Volvieron a su casa, situada en el East Side de Manhattan, hacia las dos de la madrugada; el marido pagó al taxista y se palpó los bolsillos para buscar la llave. Al rato anunció que la debía haber dejado en el bolsillo del otro traje y propuso que tocasen el timbre para que bajase la niñera y les abriese. Una niñera que cobra veinte dólares diarios tiene que estar dispuesta a que la saquen de la cama en mitad de la noche, dijo el marido.

Así que tocó el timbre. Esperaron. No pasó nada. Llamó de nuevo, un timbrazo largo y ruidoso. Esperaron otro minuto. Retrocedieron unos pasos por la acera y gritaron el nombre de la niñera (McPottle) hacia las ventanas del cuarto del niño, que estaba en el tercer piso, pero tampoco obtuvieron respuesta. La casa estaba oscura y silenciosa. La mujer empezó a sentir miedo: su hijo estaba prisionero en esa casa, se dijo, a solas con McPottle. ¿Y quién era McPottle?
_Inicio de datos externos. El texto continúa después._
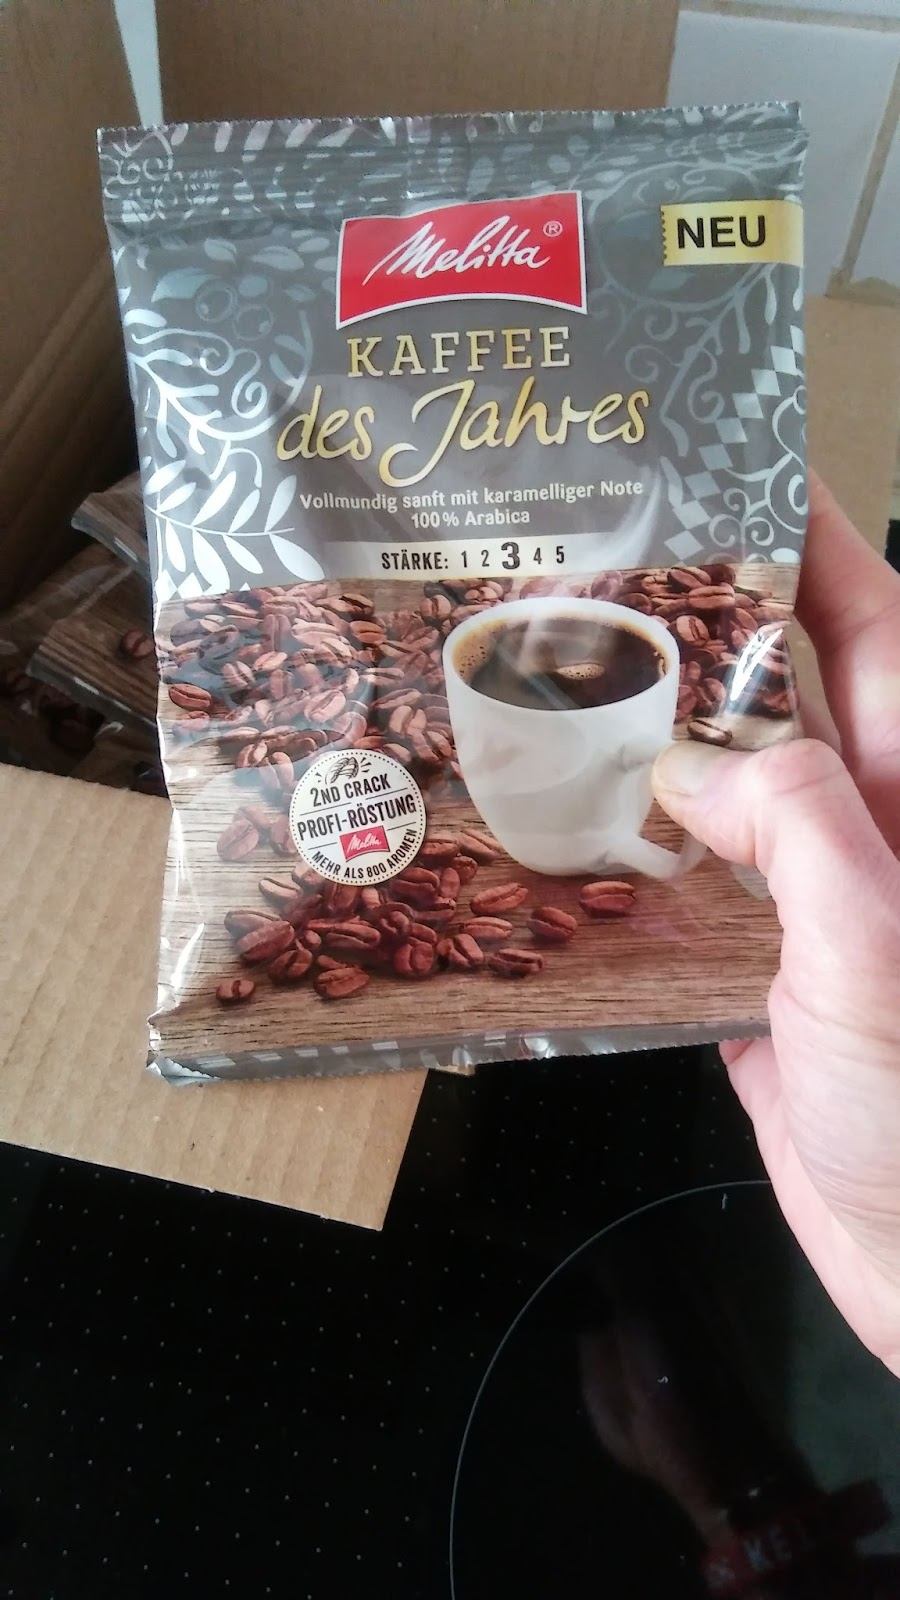 engel 2016 testet gern f r euch getestet melitta kaffee des jahres 2018 als filterkaffee. Black Bedroom Furniture Sets. Home Design Ideas

Sólo hacía dos días que la conocían, y tenía unos labios finos, ojillos acusadores, la pechera almidonada y, como se estaba demostrando, una costumbre de dormir demasiado profundamente, que no la hacía persona de fiar. Si no oía el timbre de la puerta, ¿cómo demonios iba a oír el llanto de un niño? En aquel preciso instante el pobrecillo podía estar tragándose la lengua o ahogándose con la almohada.

—No usa almohada —dijo el marido—, así que no te preocupes. Pero, si te empeñas, entraremos.

Con tanto champán se sentía muy valiente; se agachó, deshizo la lazada de uno de sus zapatos de charol negro y se lo quitó. Después, cogiéndolo por la punta, lo lanzó con fuerza hacia la ventana del comedor, que estaba en el piso bajo.

—Ya está —dijo sonriendo—. Lo descontaremos de la paga de McPottle.